The core rule is that the file is saved by what code, and it is opened by what encoding! for the UICode data type, no garbled characters will appear regardless of the way it is opened.

(iv) Python program execution:

Phase one: Start the Python interpreter

Stage Two: Loading python files into memory

Phase three: Reading the code that has been loaded into memory (UICode encoded binary) will open up new memory during execution.

Note: Python reads the first line of code in the py file to determine what encoding to use to read memory. If you do not specify the header information #-*-coding:utf-8-*-in the Python file, use the default

Default usage in Python2 in Ascii,python3 utf-8

(v) The difference between Python2 and Python3

The string in Python has two kinds of str=bytes, the variable value is preceded by "U" is defined as UICode, here is involved in the Python2 variable value to open memory space storage is to UICode, The bytes stored in the encode and Python3 is stored directly in UICode mode. There are two types of strings in Python3, and STR is equivalent to the state of "U" in Py2. Bytes refers to the variable value in Py3 can be encode converted to bytes way such as s1=s.encode (' Utf-8 ') s2=s.encode (' GBK '). Python3 default Utf-8,python2 default ascii!

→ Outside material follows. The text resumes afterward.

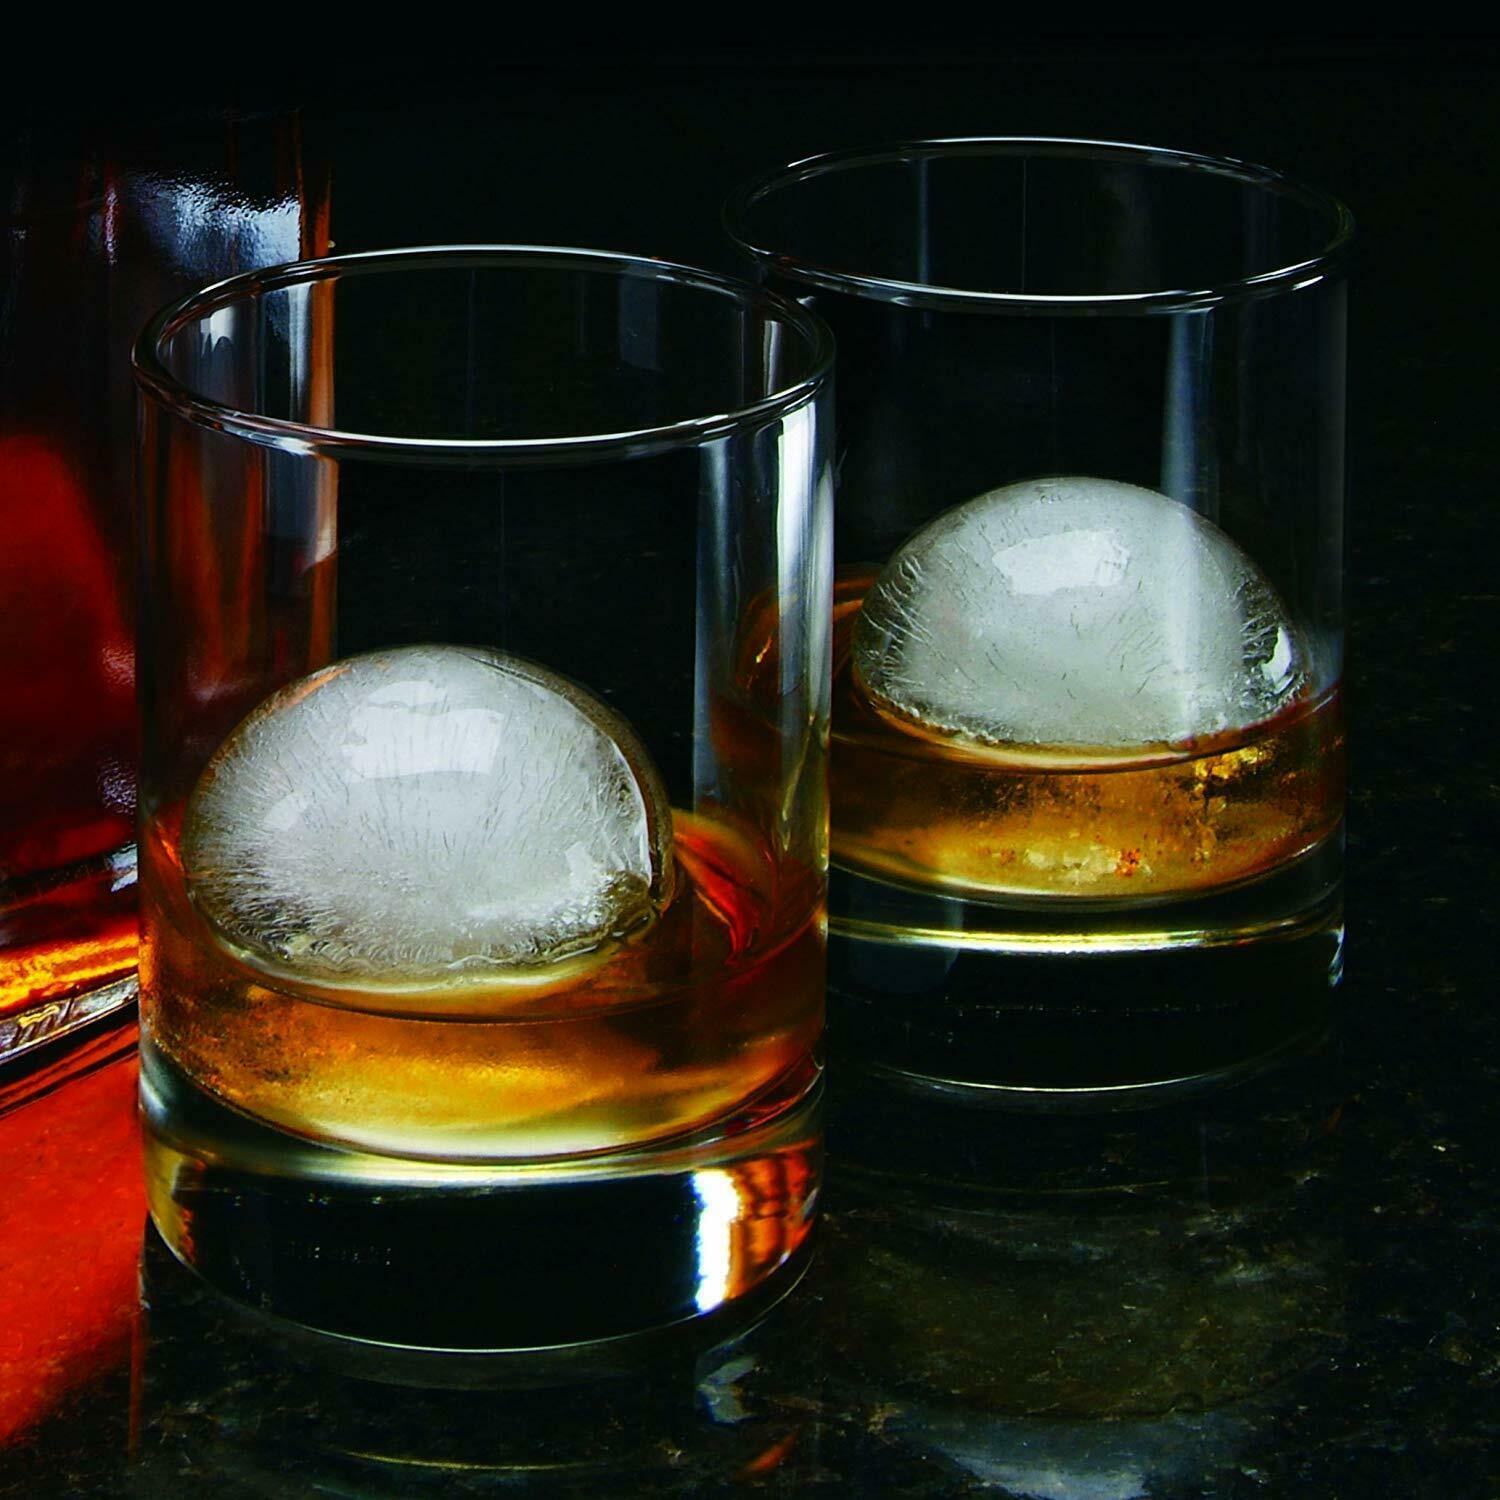 Ice Ball Mold - 2.5 inch Round Sphere Large Silicone Ice Cube Tray, BP –  Alchemy Superior Goods

Summary: 1, no matter what file, in what way to take (avoid garbled) in memory fixed use UICode, hard disk can be based on personal preferences

2, the data is first generated in memory, is the UICode format, want to store or network-based transmission, need to convert to bytes format.

UICode---------"encode---------" bytes

Bytes-------"Decode-----------" UICode

Python's character encoding

Related Article

Contact Us

The content source of this page is from Internet, which doesn't represent Alibaba Cloud's opinion; products and services mentioned on that page don't have any relationship with Alibaba Cloud. If the content of the page makes you feel confusing, please write us an email, we will handle the problem within 5 days after receiving your email.

If you find any instances of plagiarism from the community, please send an email to: info-contact@alibabacloud.com and provide relevant evidence. A staff member will contact you within 5 working days.

A Free Trial That Lets You Build Big!

Start building with 50+ products and up to 12 months usage for Elastic Compute Service

  • Sales Support

    1 on 1 presale consultation

  • After-Sales Support

    24/7 Technical Support 6 Free Tickets per Quarter Faster Response

  • Alibaba Cloud offers highly flexible support services tailored to meet your exact needs.